----- Supplied data -----
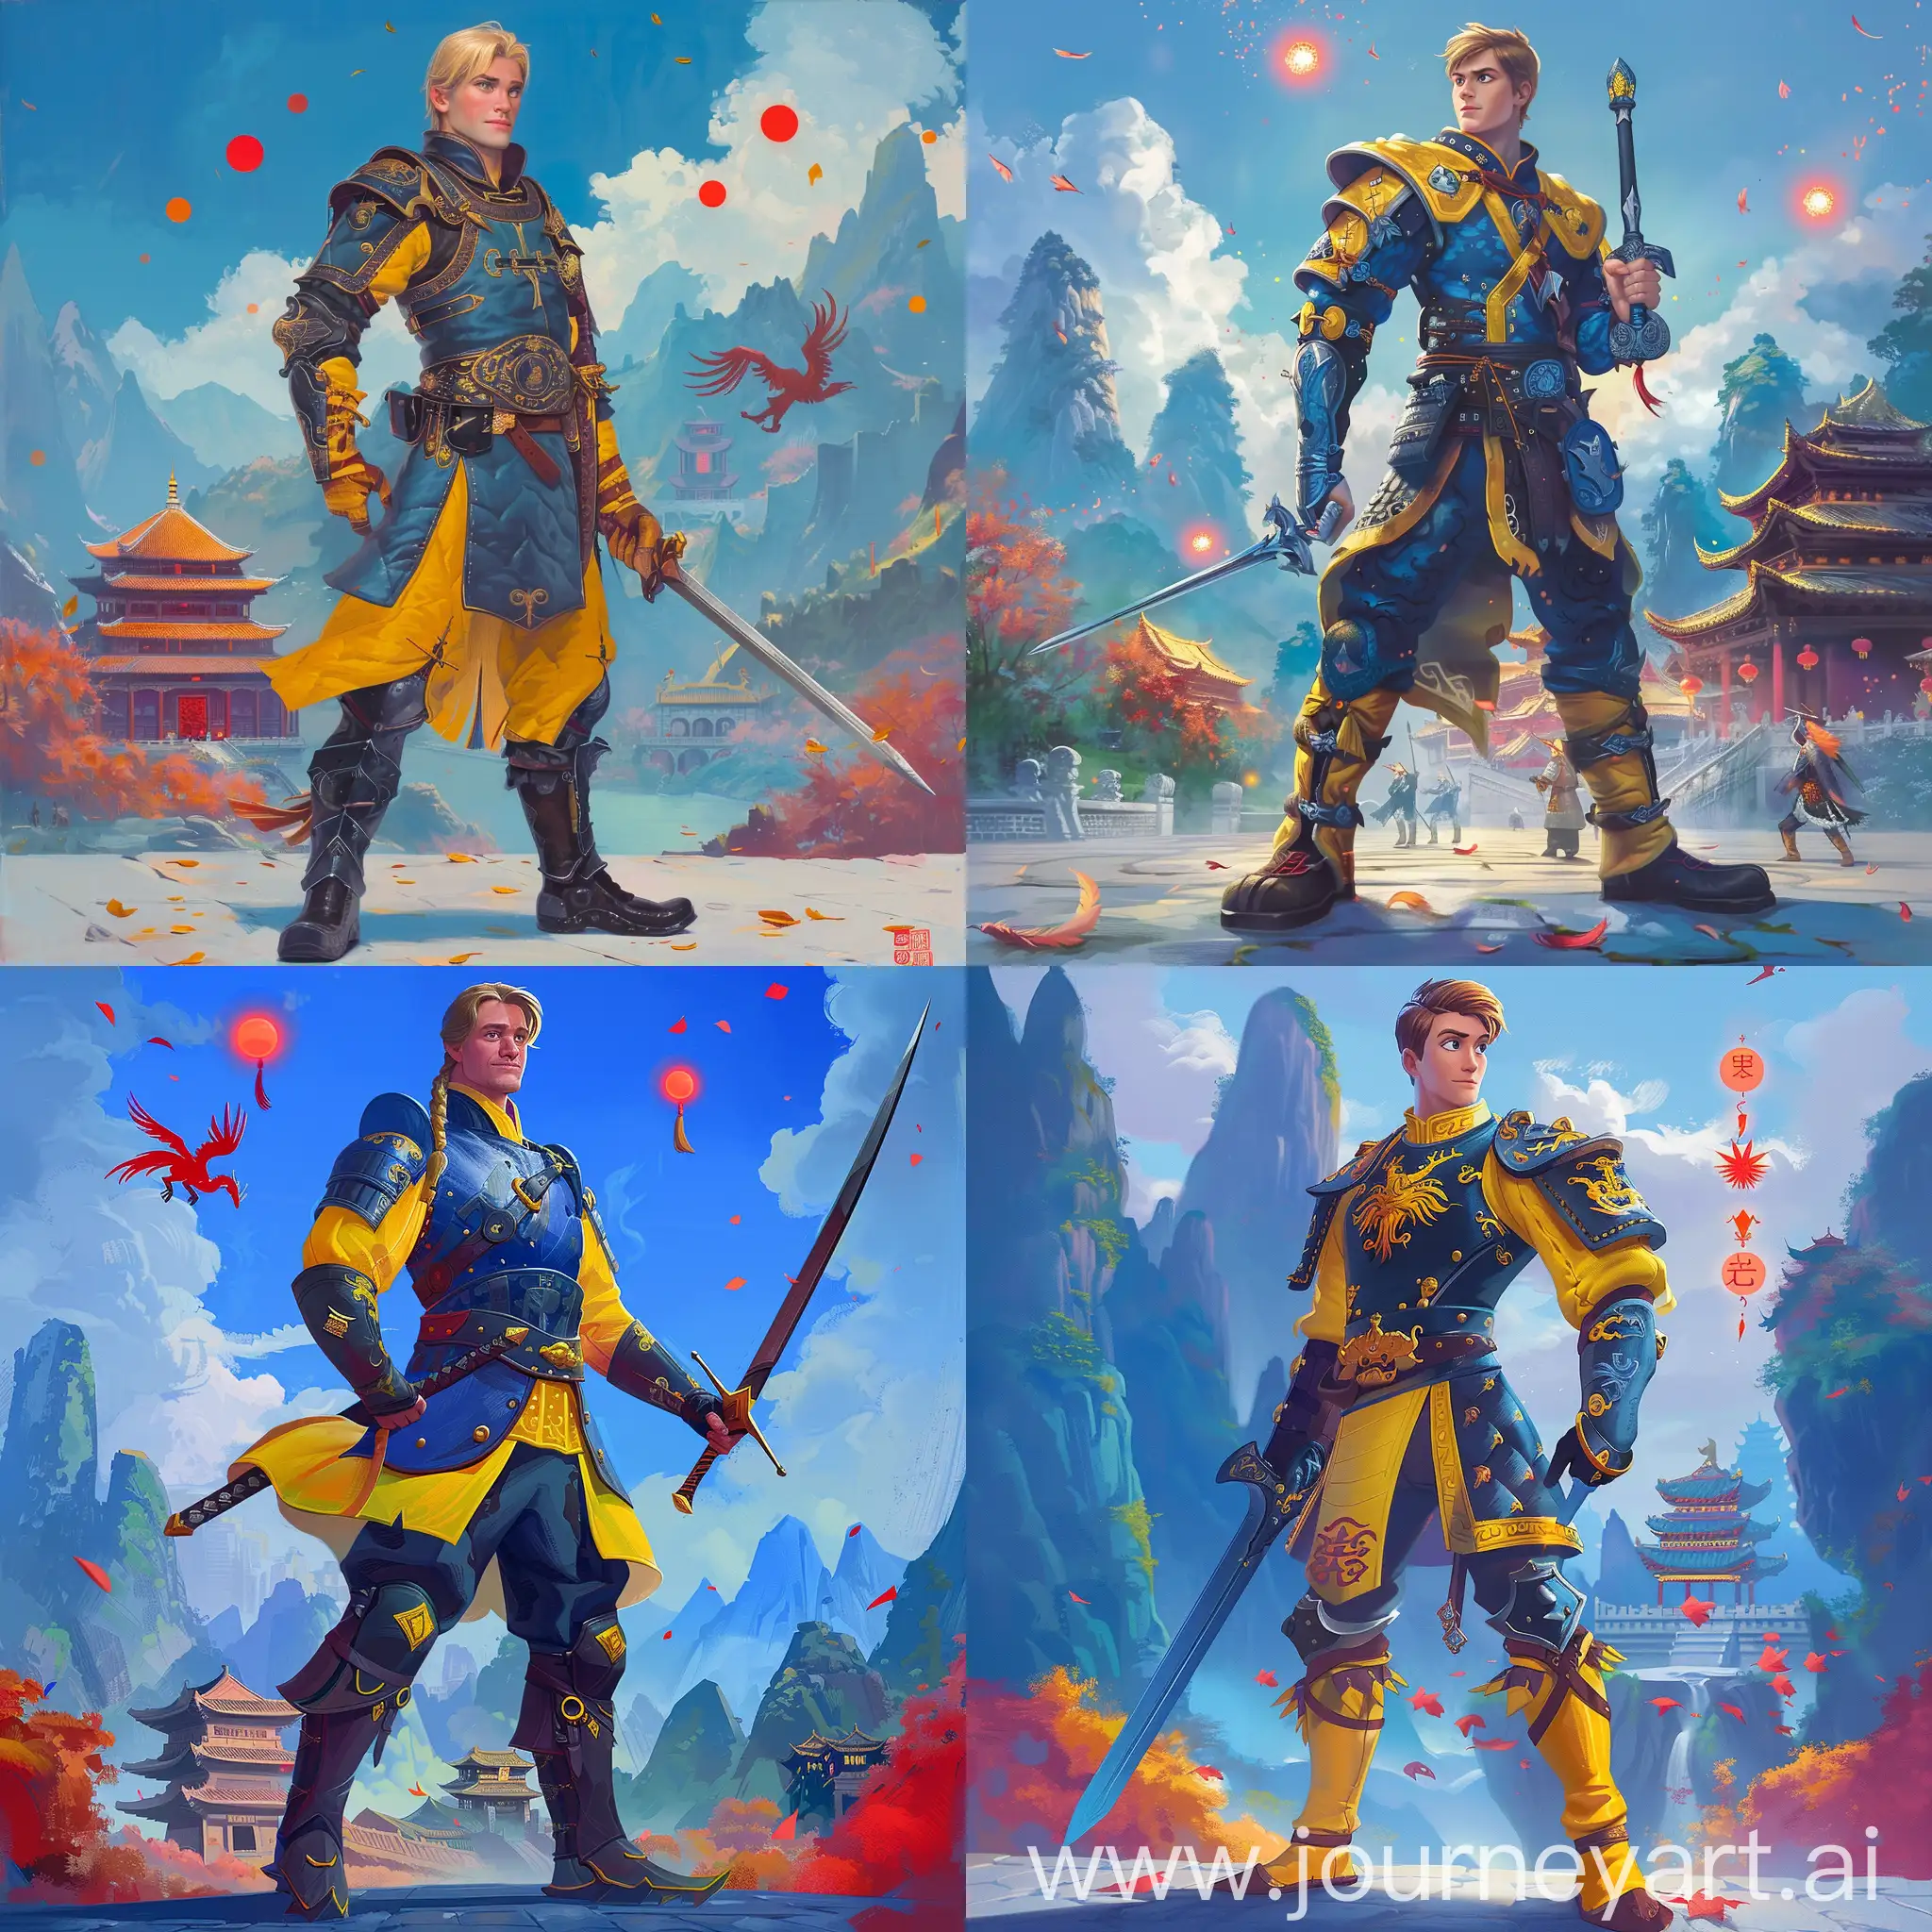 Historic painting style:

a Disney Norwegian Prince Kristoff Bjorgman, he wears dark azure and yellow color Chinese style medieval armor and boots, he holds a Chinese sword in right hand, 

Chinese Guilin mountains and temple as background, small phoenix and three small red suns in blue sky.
-----
## What is needed
Repeat the material exactly and drop each image.

## Result below
 Historic painting style:

a Disney Norwegian Prince Kristoff Bjorgman, he wears dark azure and yellow color Chinese style medieval armor and boots, he holds a Chinese sword in right hand, 

Chinese Guilin mountains and temple as background, small phoenix and three small red suns in blue sky.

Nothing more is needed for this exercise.